SEOUL, South Korea — South Korea and Japan on Monday downplayed the possibility of sending warships to secure tanker transit through the Strait of Hormuz, defying U.S. President Trump’s call for global powers to join the effort.

Mr. Trump sent a Truth Social tweet on Saturday and followed up Monday with related comments pressuring countries to send warships to a warzone where Iranian resistance to the ongoing Israeli-U.S. aerial barrage remains resolute.

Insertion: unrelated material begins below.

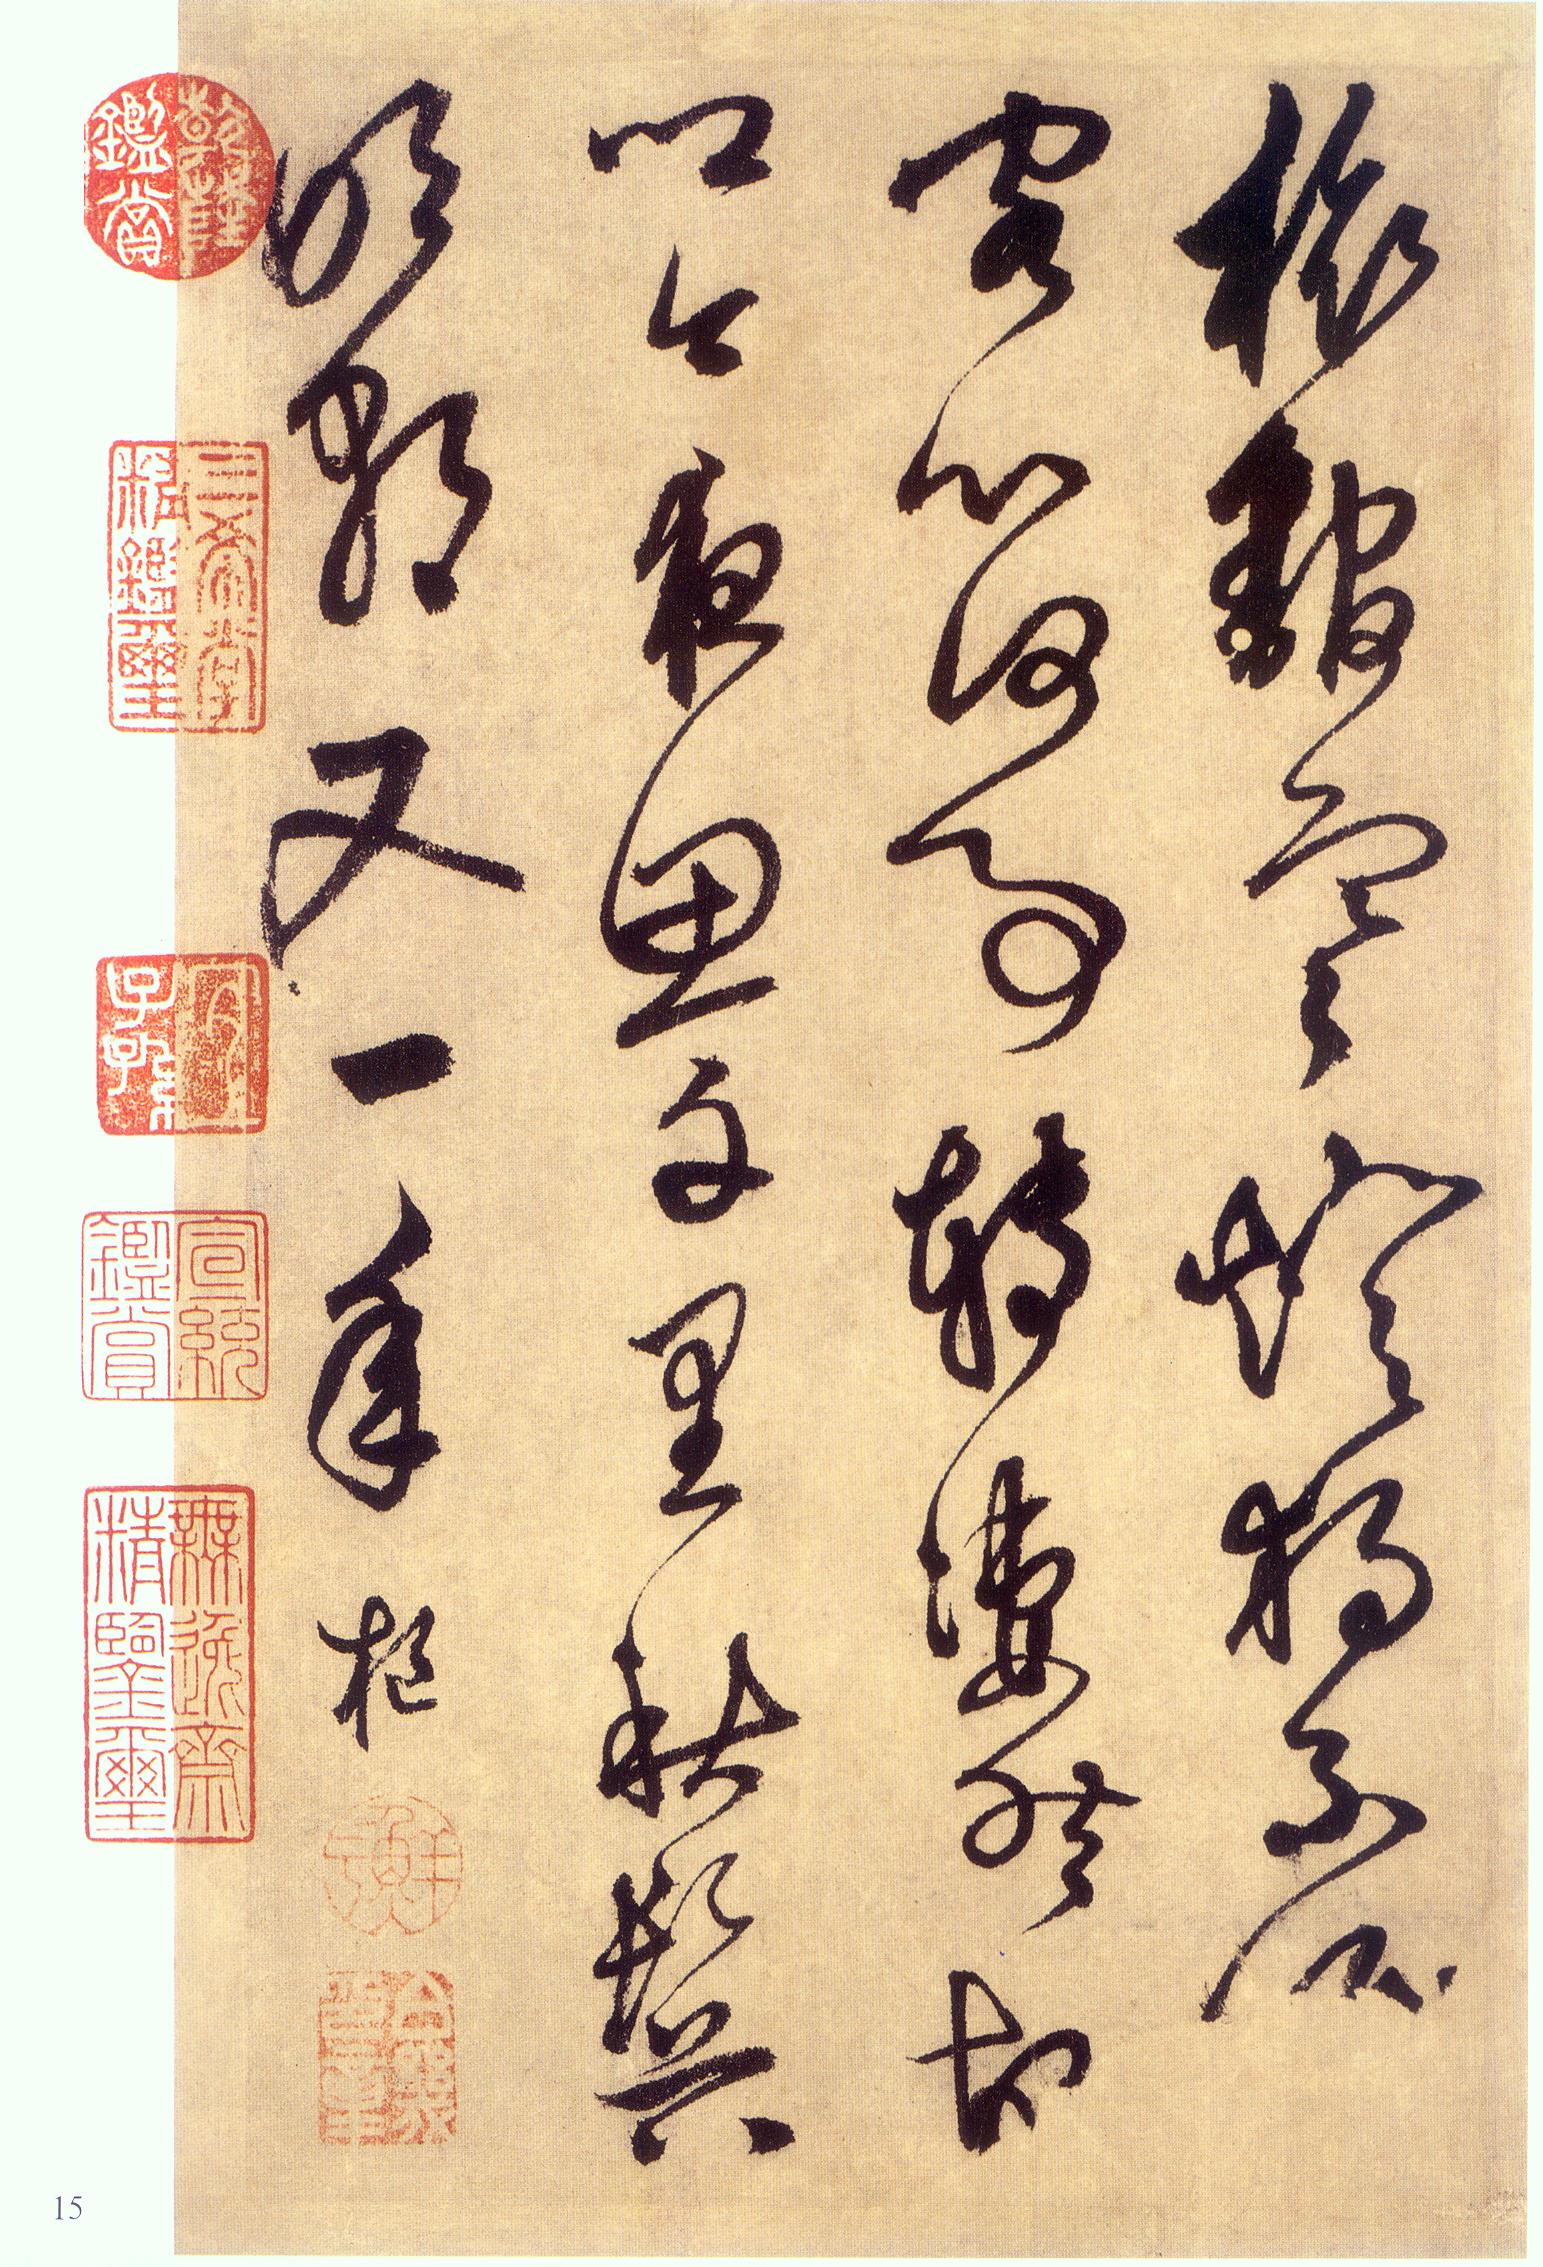 鲜于枢行书《醉时歌等唐人诗十二首》-台北故宫博物院藏(图15)
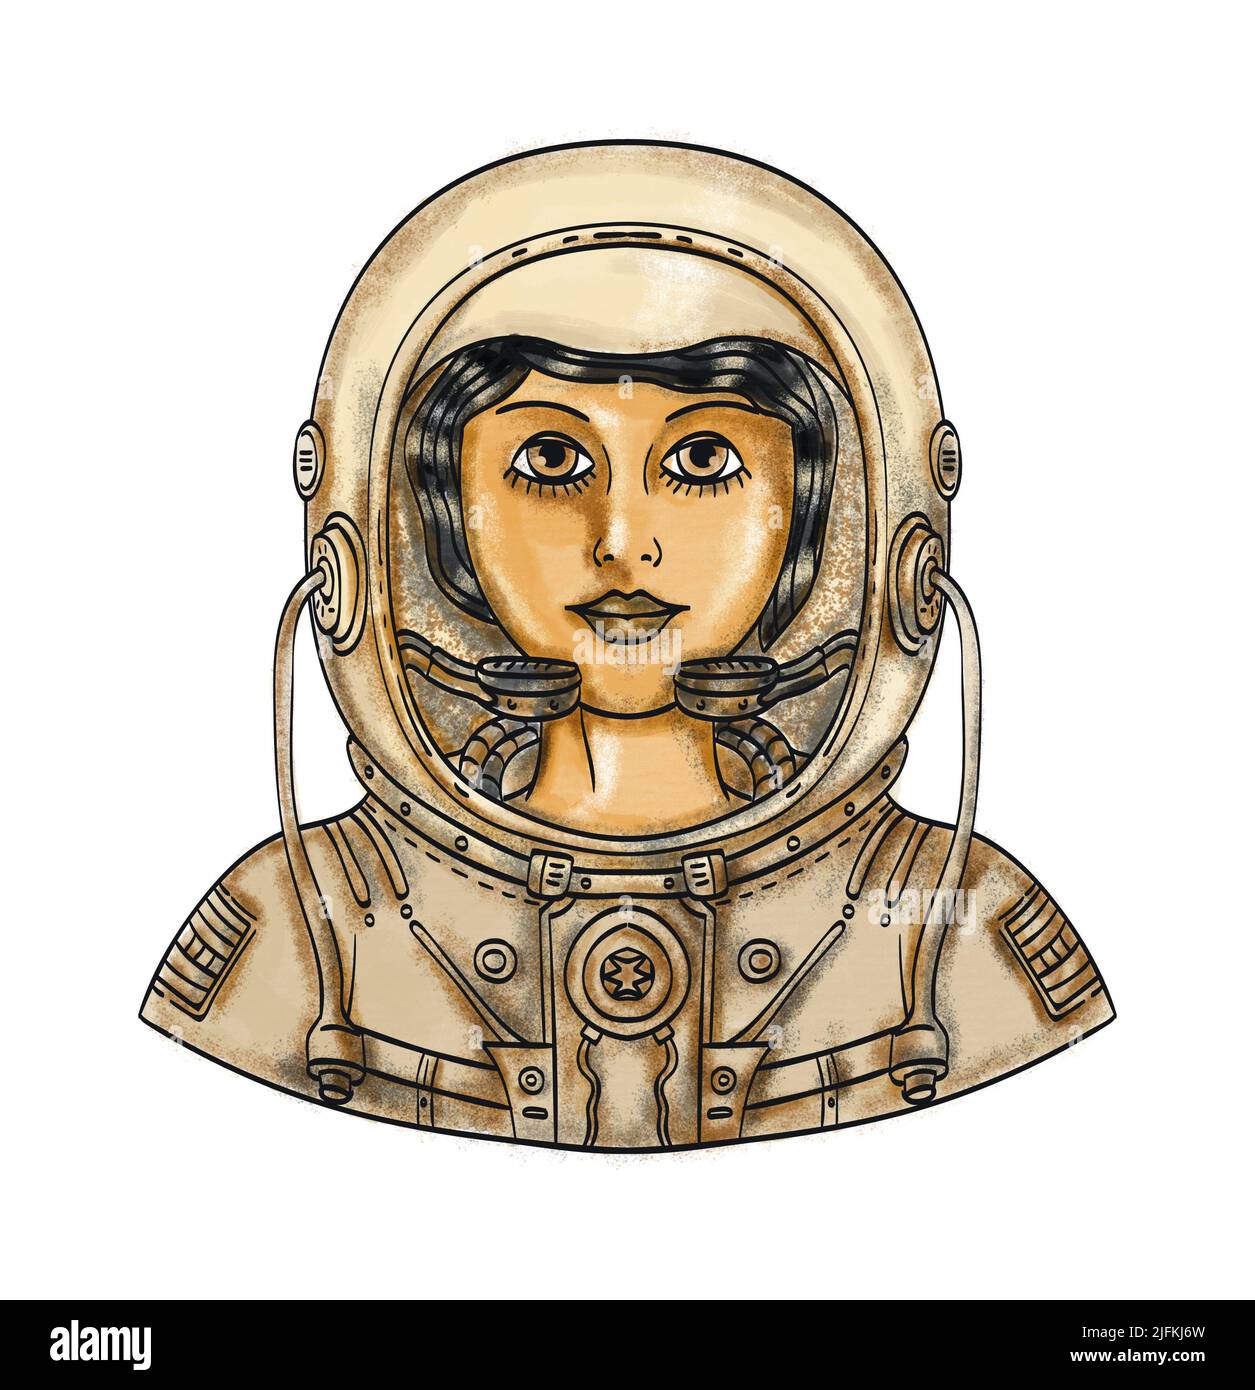 Casco de astronauta en el espacio con estilo de dibujo o dibujo a mano

Tehran, though militarily far weaker than the coalition it is battling, has responded asymmetrically, placing tanker-borne oil — and the global economy — in its crosshairs.

In a message tweeted on Truth Social late Saturday, Mr. Trump wrote: “Hopefully China, France, Japan, South Korea, the UK, and others, that are affected by this artificial constraint, will send Ships to the area so that the Hormuz Strait will no longer be a threat by a Nation that has been totally decapitated.”

Oil tankers and ships line up in the Strait of Hormuz as seen from Khor Fakkan, United Arab Emirates, Wednesday, March 11, 2026. (AP Photo/Altaf Qadri)

Oil tankers and ships line up in the Strait of Hormuz as seen from Khor Fakkan, United Arab Emirates, Wednesday, March 11, 2026. (AP Photo/Altaf Qadri)


Oil tankers and ships line up …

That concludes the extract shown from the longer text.